Mais de 100 mil enfermeiras na Inglaterra, País de Gales e Irlanda do Norte abandonaram o trabalho nesta quinta-feira (15) na maior greve dos 106 anos de história de seu sindicato, o Royal College of Nursing. De acordo com a Sky News [1], cerca de um quarto dos hospitais e equipes comunitárias na Inglaterra, todos os trustes na Irlanda do Norte e todos, exceto um conselho de saúde no País de Gales, estão participando da ação sindical, que está programada para continuar na terça-feira (20).
As enfermeiras britânicas chegaram a um “ponto de crise“, deixando-as sem escolha a não ser fazer greve, disse a presidente do comitê da RCN, Denise Kelly, à Sky. Citando “anos de cortes salariais em termos reais“, um congelamento salarial de vários anos no setor público e o custo de vida descontrolado, os enfermeiros estão exigindo um aumento salarial de 19% – a taxa de inflação mais cinco pontos.
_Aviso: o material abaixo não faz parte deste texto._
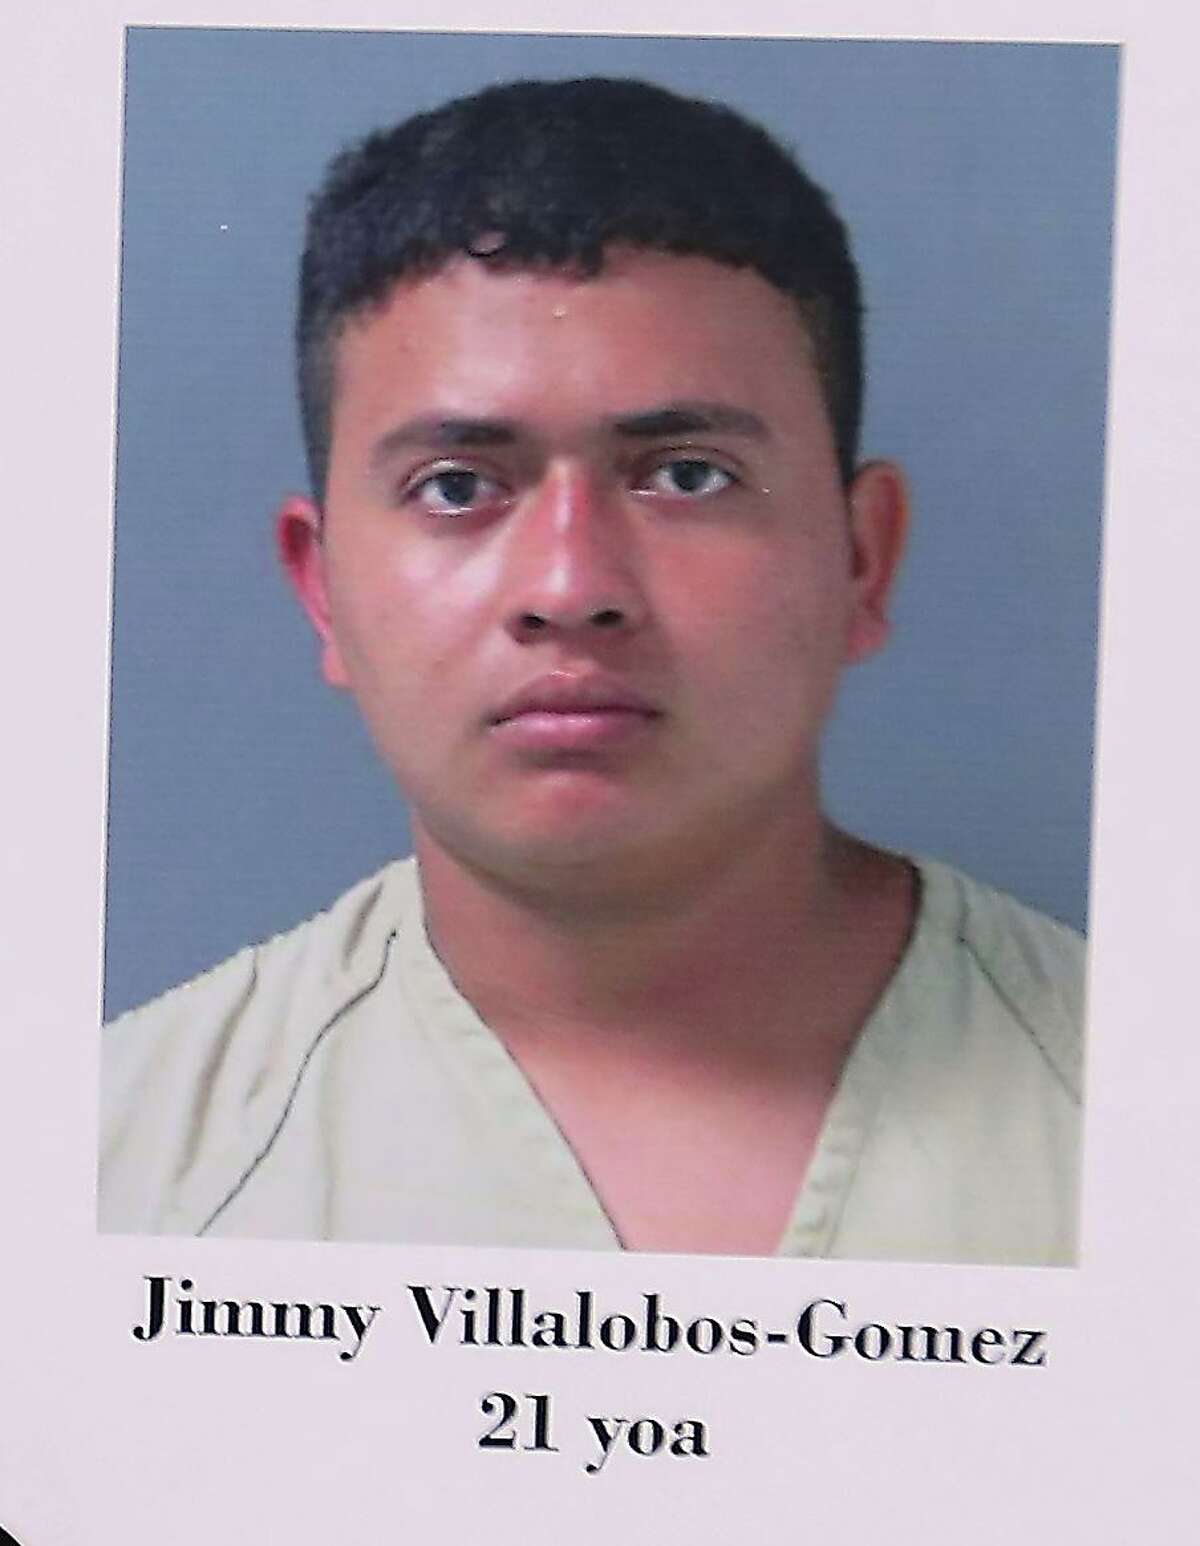 The arrest of MS-13 gang member Jimmy Villalobos-Gomez was announced Tuesday, Sept. 4, 2018, in Houston.

O governo ofereceu um aumento salarial de apenas 4,5% para a maioria dos enfermeiros, com aqueles na extremidade inferior da escala salarial recebendo até 9%. Um porta-voz do primeiro-ministro Rishi Sunak chamou a oferta de “justa e razoável” na quinta-feira, apontando que os enfermeiros tiveram um aumento de 3% no ano passado.
Além dos problemas financeiros, muitos enfermeiros argumentam que a segurança dos pacientes está sendo colocada em risco. Uma matrona comunitária no Hospital St. Thomas, em Londres, disse à Sky que “as enfermeiras estão esgotadas” a ponto de colocar em risco os pacientes, com instalações tão carentes de pessoal que “uma enfermeira está fazendo o trabalho de três“.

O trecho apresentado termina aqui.